= Herbert A. Shepard =

Herbert Allen Shepard (1919–1985) was a Canadian-born American organization behaviorist and economist who made a significant contribution to Organization Development He held faculty posts at several universities including M.I.T., where he received his doctorate in Industrial Economics. He founded and directed the first doctoral program in Organization Development at Case Western Reserve; developed a residency in administrative psychiatry at Yale University School of Medicine, and was also President of The Gestalt Institute of Cleveland and The Professional Development Institute PDI Inc..

Shepard conducted the first large-scale experiments in Organization Development, while at Esso in the late fifties, and served as principal consultant to TRW Systems in the applications of behavioral science to organizations and teams. He has published widely and was chairman of the Douglas Memorial Award Committee of the Journal of Applied Behavioral Science. His research advanced our understanding of human behavior and social systems from dyads (doctor-patient or consultant-client) to organizations (synergy, alternative dispute resolution, structure, building consensus and caring about the powerless).
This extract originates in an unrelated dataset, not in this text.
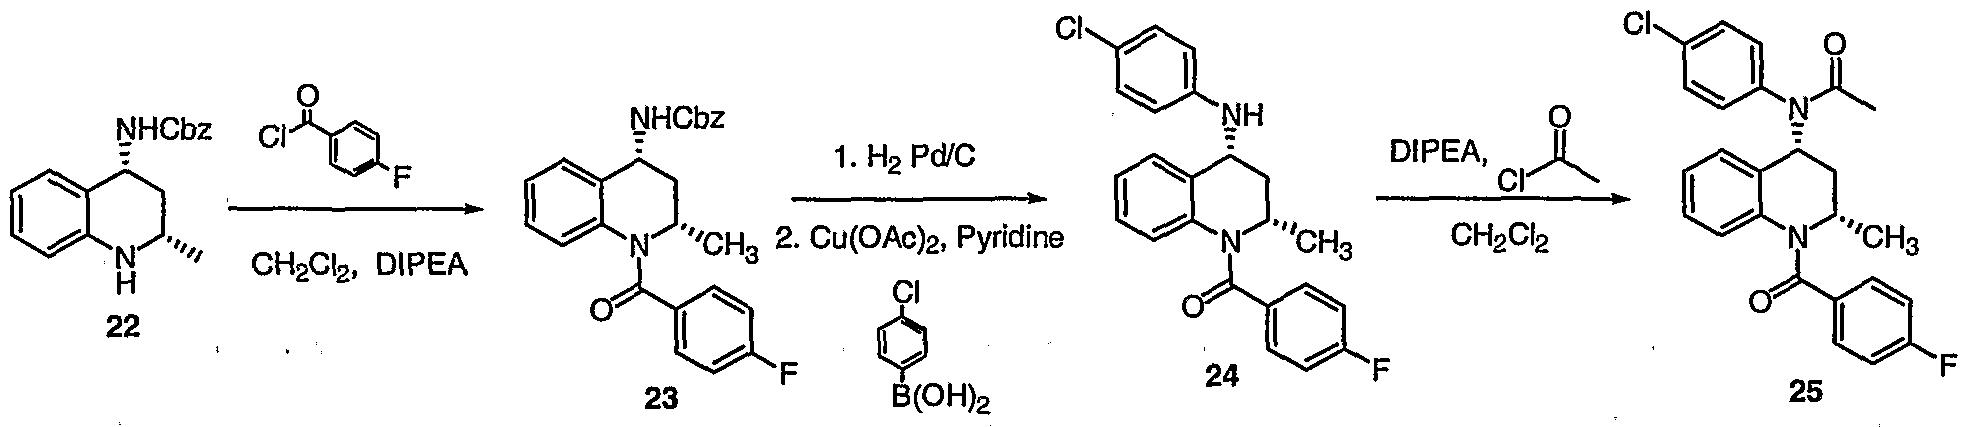 Patent WO2005100321A1 - Pgd2  N Ethylbutanamide

It opened the way for further developments in the psychology of teams, leadership and interpersonal compatibility; cognitive behavior therapy, social cognitive theory (educational psychology); choice theory;"Principled Negotiation" (2022), positive psychology and organization development.

In management consulting, Shepard's clients included Bell-Northern Research, Syncrude, Esso (U.S., Canada, Japan), TRW, Connecticut General Life Insurance Company, Union Carbide, USAID and most of the departments of the federal governments of the US and Canada. He was instrumental in orchestrating the graceful termination of "Cold Lake 1.0" Esso's (Imperial Oil Canada) first oil-sand mega-project in Alberta Canada.